Fork Protection and Therapy Resistance in Hereditary Breast Cancer

Abstract

The BRCA-Fanconi anemia (FA) pathway preserves the genome and suppresses cancer and is a main determinant of chemotherapeutic efficacy. The hereditary breast cancer genes BRCA1 and BRCA2 function in DNA double-strand break repair mediating distinct steps of homologous recombination (HR). More recently, independent of DNA repair, functions in the replication stress response have come to light, providing insight as to how the BRCA-FA pathway also balances genome preservation with proliferation. The BRCA-FA proteins associate with the replisome and contribute to the efficiency and recovery of replication following perturbations that slow or arrest DNA replication. Although the full repertoire of functions in the replication stress response remains to be elucidated, the function of BRCA1 and BRCA2 in protecting stalled replication forks contributes along with HR to the sensitivity of BRCA-associated tumors to chemotherapy. Moreover, chemoresistance evolves from restoration of either HR and/or fork protection. Although mechanisms underlying the restoration of HR have been characterized, it remains less clear how restoration of fork protection is achieved. Here, we outline mechanisms of "rewired" fork protection and chemotherapy resistance in BRCA cancer. We propose that mechanisms are linked to permissive replication that limits fork remodeling and therefore opportunities for fork degradation.
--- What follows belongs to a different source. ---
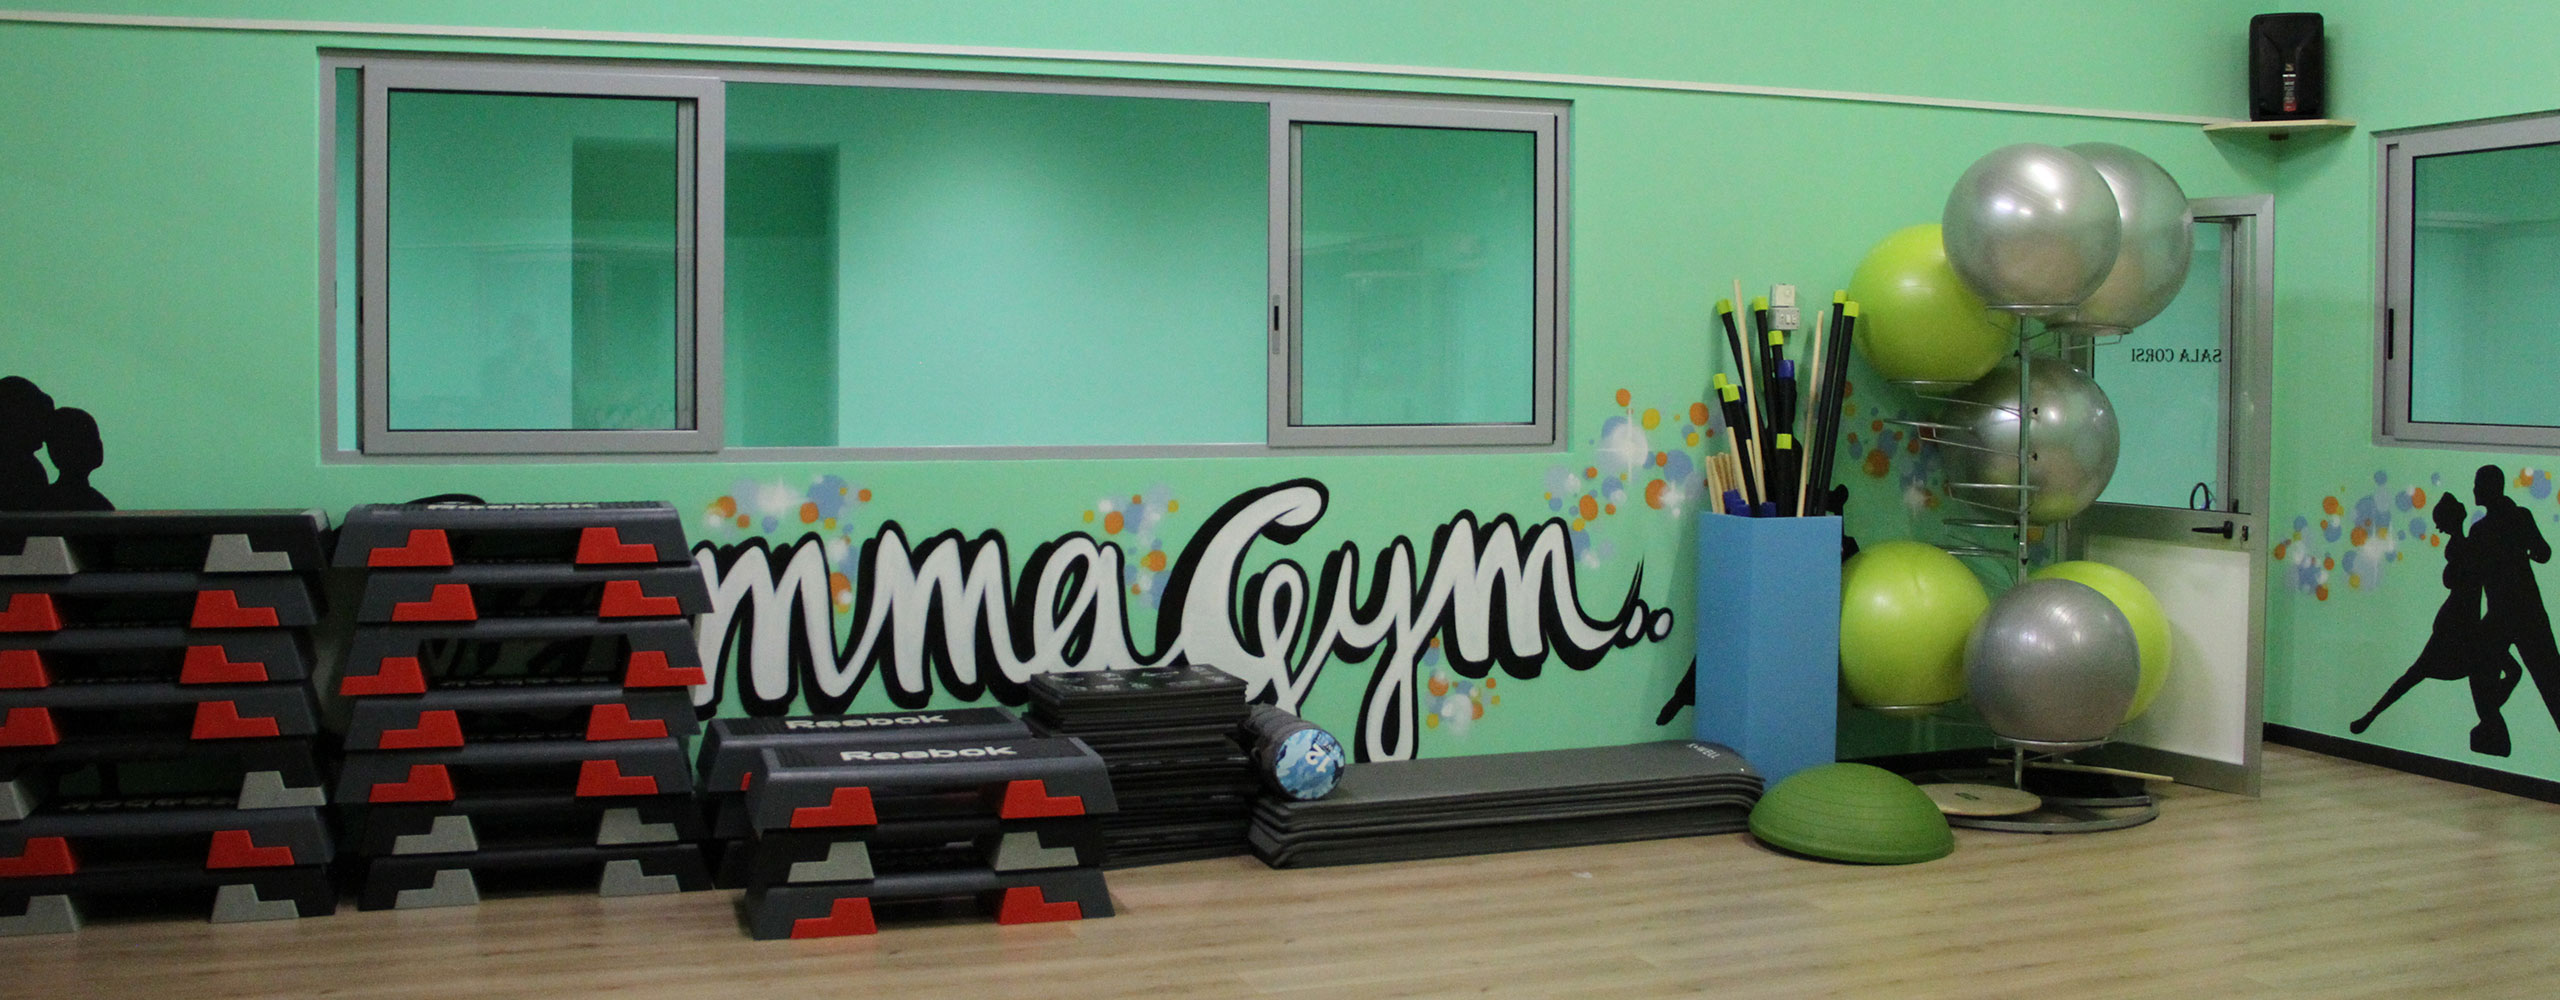 Gamma Gym slide

Combating this chemoresistance mechanism will require drugs that inactivate replication bypass mechanisms.

Figure 1

Model of the mechanisms and potential consequences of fork protection in BRCA1/2 -deficient cells. (A) In wild-type (WT cells), when replication stress (represented by X) is encountered in the course of cancer therapy, there is a reversal of replication forks, and the protection of nascent DNA in a BRCA1-, BRCA2-, and Rad51-dependent manner, that limits resection by nucleases such as MRE11, CtIP, and EXO1. Following TS or recombination-based restart, the replication fork is restarted, thereby conferring chemo-resistance. In absence of BRCA1/2, (B) Rad51 is no longer stabilized on reversed forks, allowing access of nucleases to nascent DNA, resulting in extensive degradation and chemosensitivity. (C) Extensive nascent cell degradation can be avoided by either loss of fork degradation factors or gain in stabilization factors that will allow forks to restart via template switch (TS) and confer chemotherapy resistance if viability is not also compromised. (D) Loss of fork reversal will limit fork degradation if translesion synthesis (TLS) is active at the fork and gaps generated by repriming reactions are avoided.